Supplied material
━━━━━━━━━━━━━━━━━━━━━━━━━━━━━━

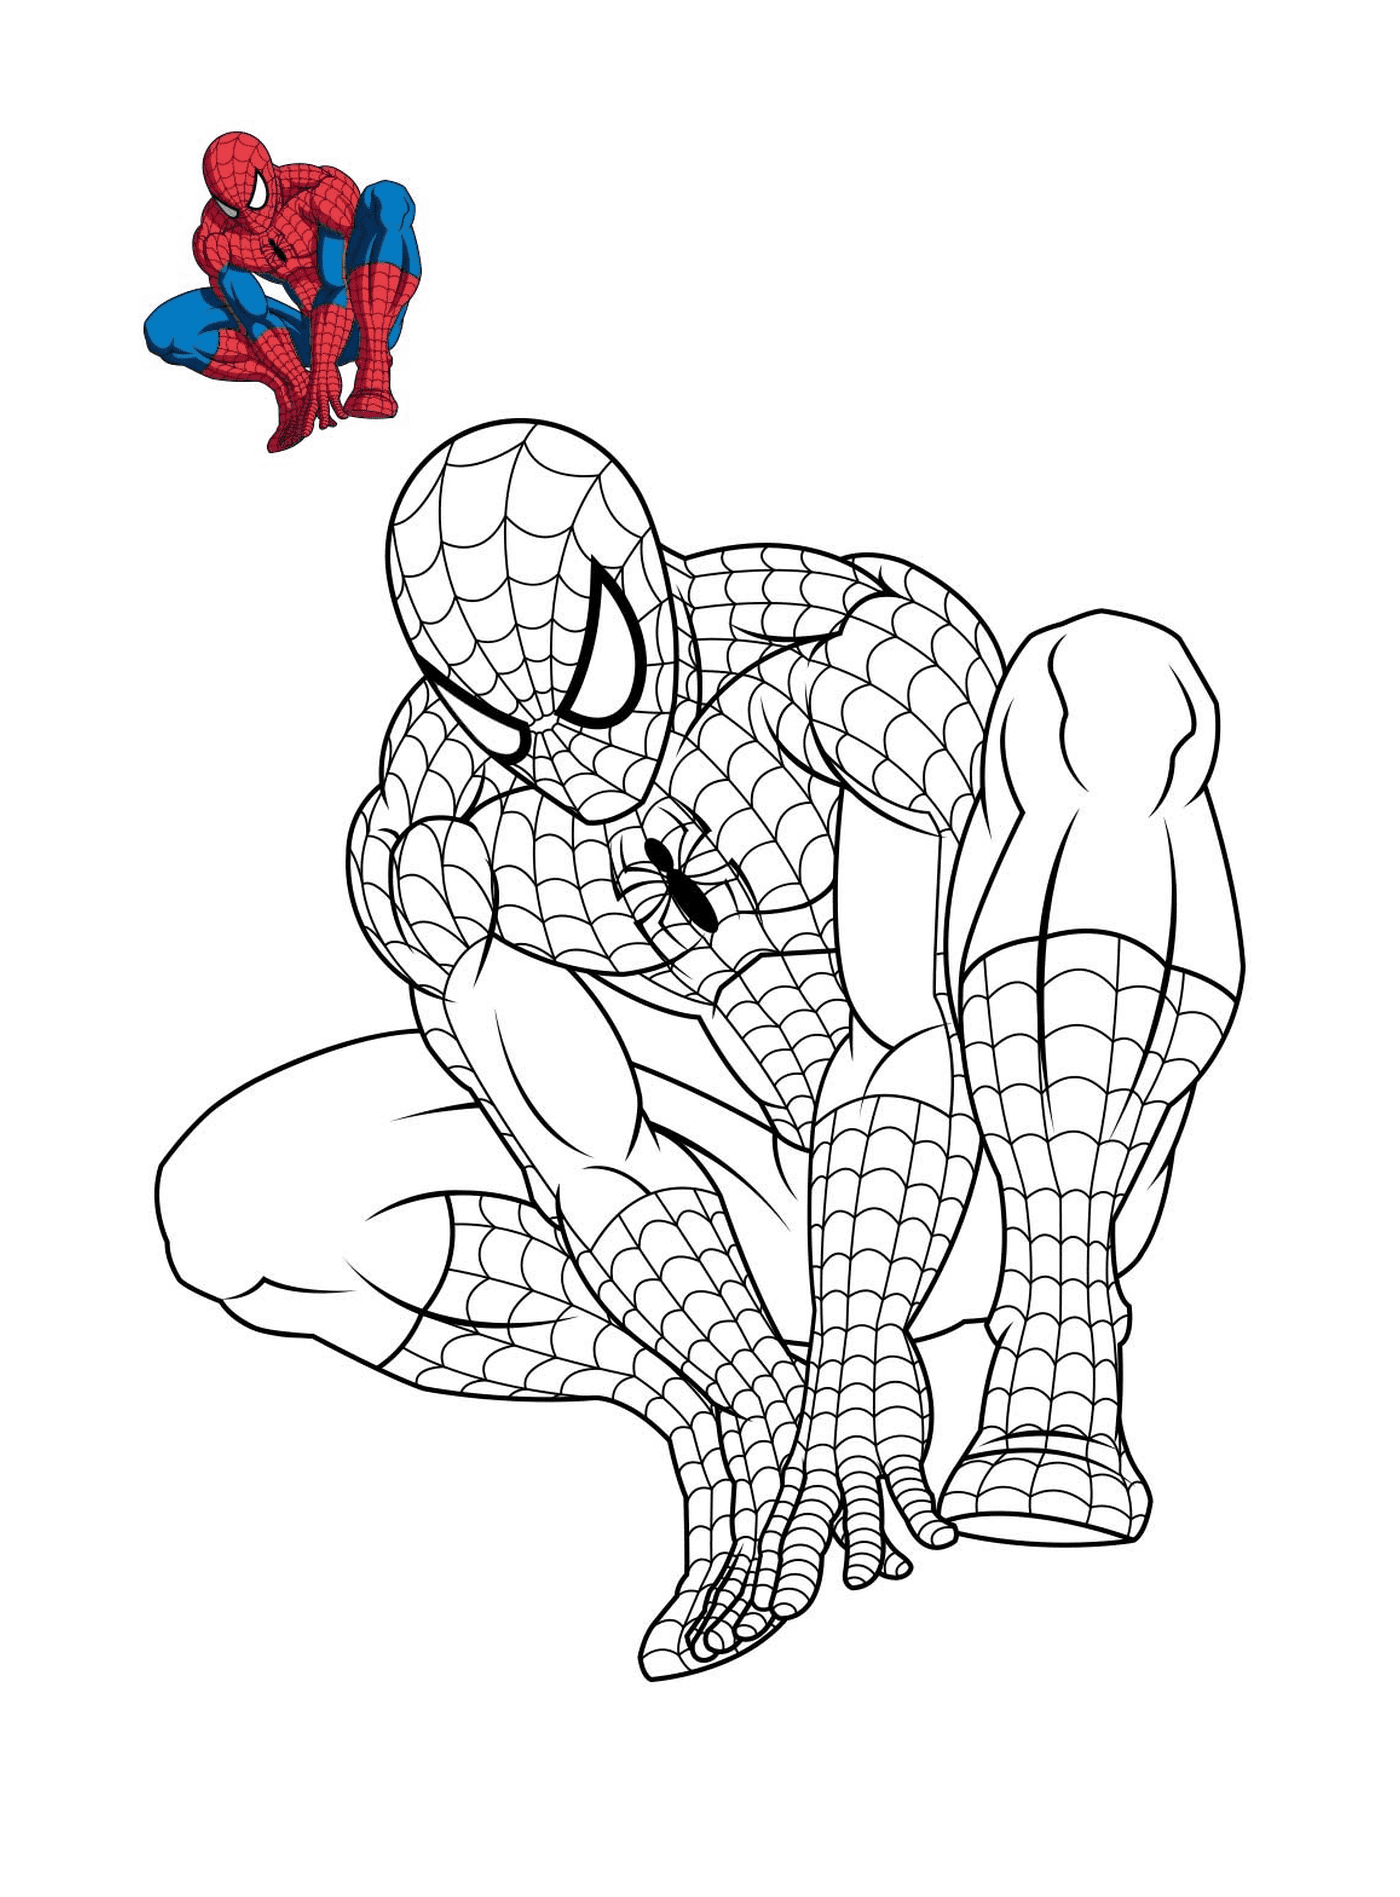  Spider-Man pensando en colorear 
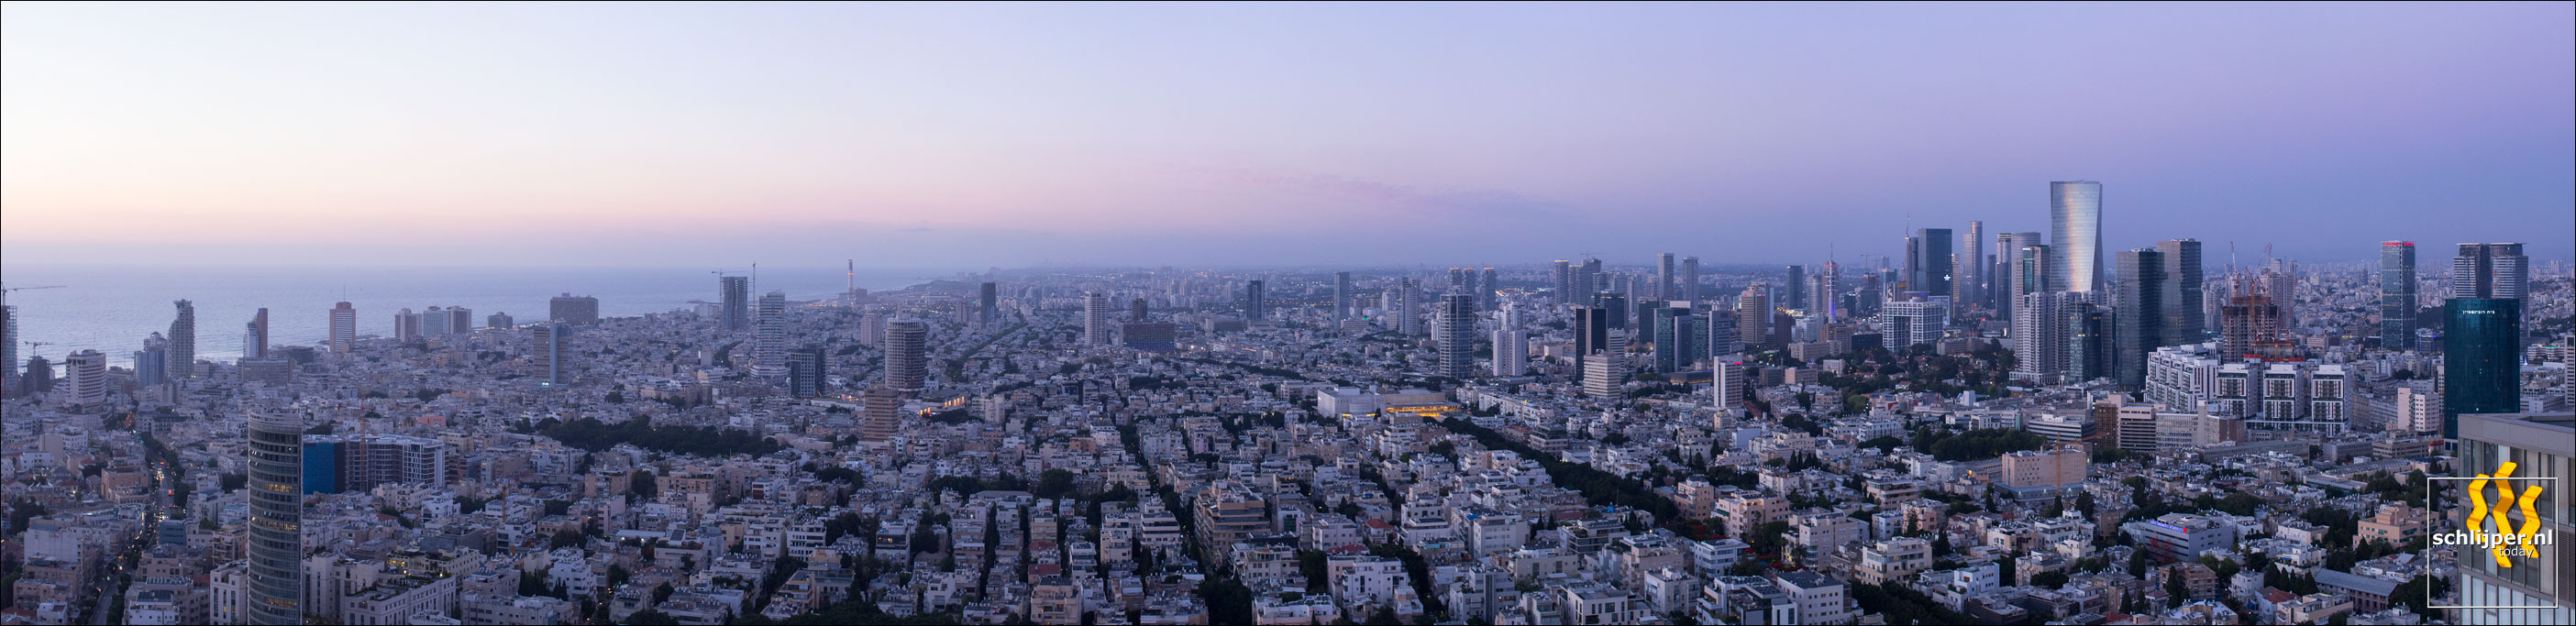 Israel, Tel Aviv, 9 juni 2017
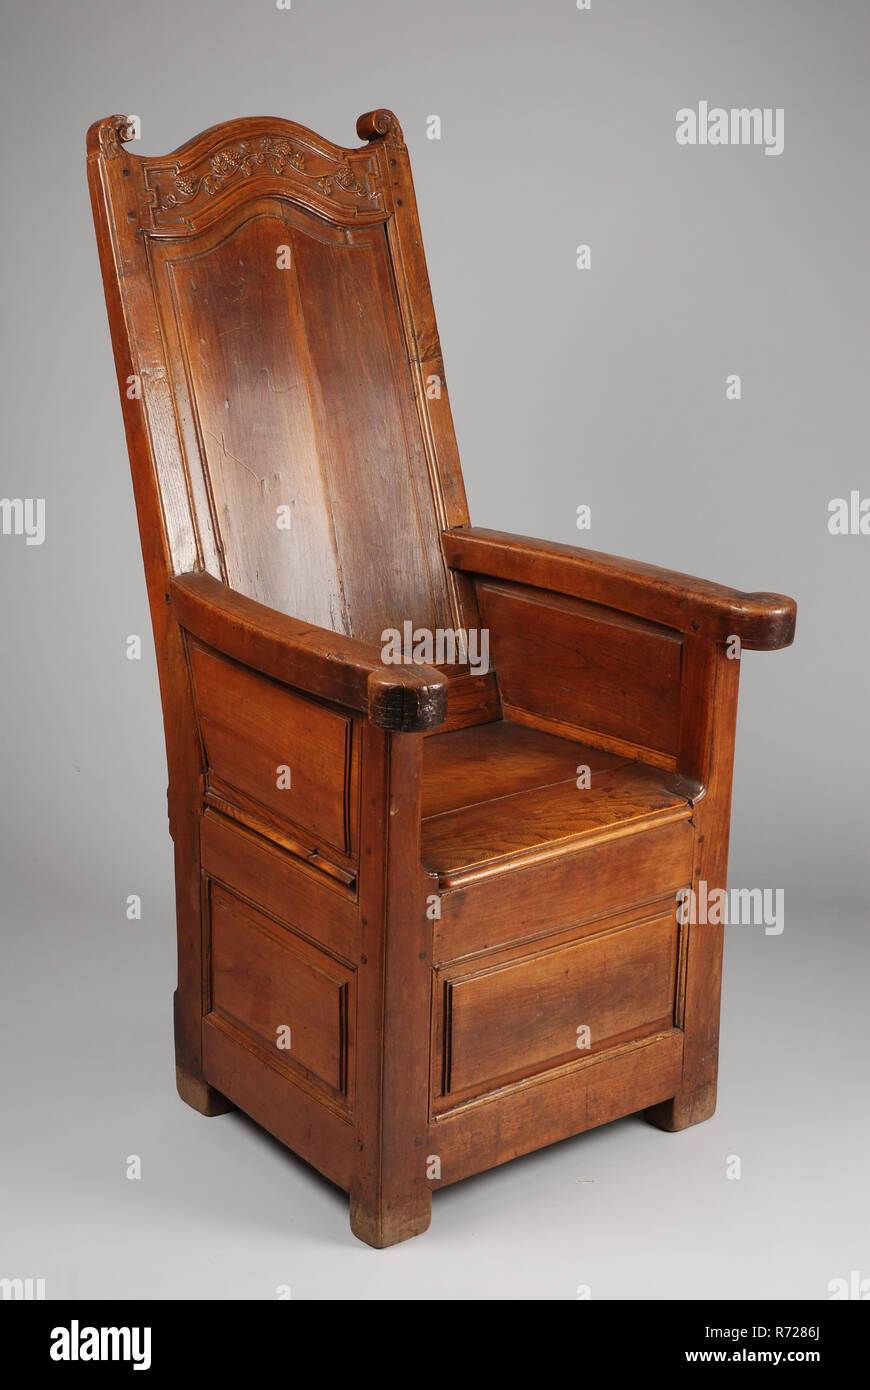 Ei - Holz Stuhl, Stuhl Möbel Innenmöbel elm Holz Eiche Kirsche Holz, Hohe  geschlossener Rückenlehne mit Carven auf der Haube zurück unter der  Rückseite ist geöffnet Stockfotografie - Alamy

━━━━━━━━━━━━━━━━━━━━━━━━━━━━━━

Work request
Write out every line of the listing exactly as written, and leave the pictures out.

Task result
  Spider-Man pensando en colorear 
 Israel, Tel Aviv, 9 juni 2017
 Ei - Holz Stuhl, Stuhl Möbel Innenmöbel elm Holz Eiche Kirsche Holz, Hohe  geschlossener Rückenlehne mit Carven auf der Haube zurück unter der  Rückseite ist geöffnet Stockfotografie - Alamy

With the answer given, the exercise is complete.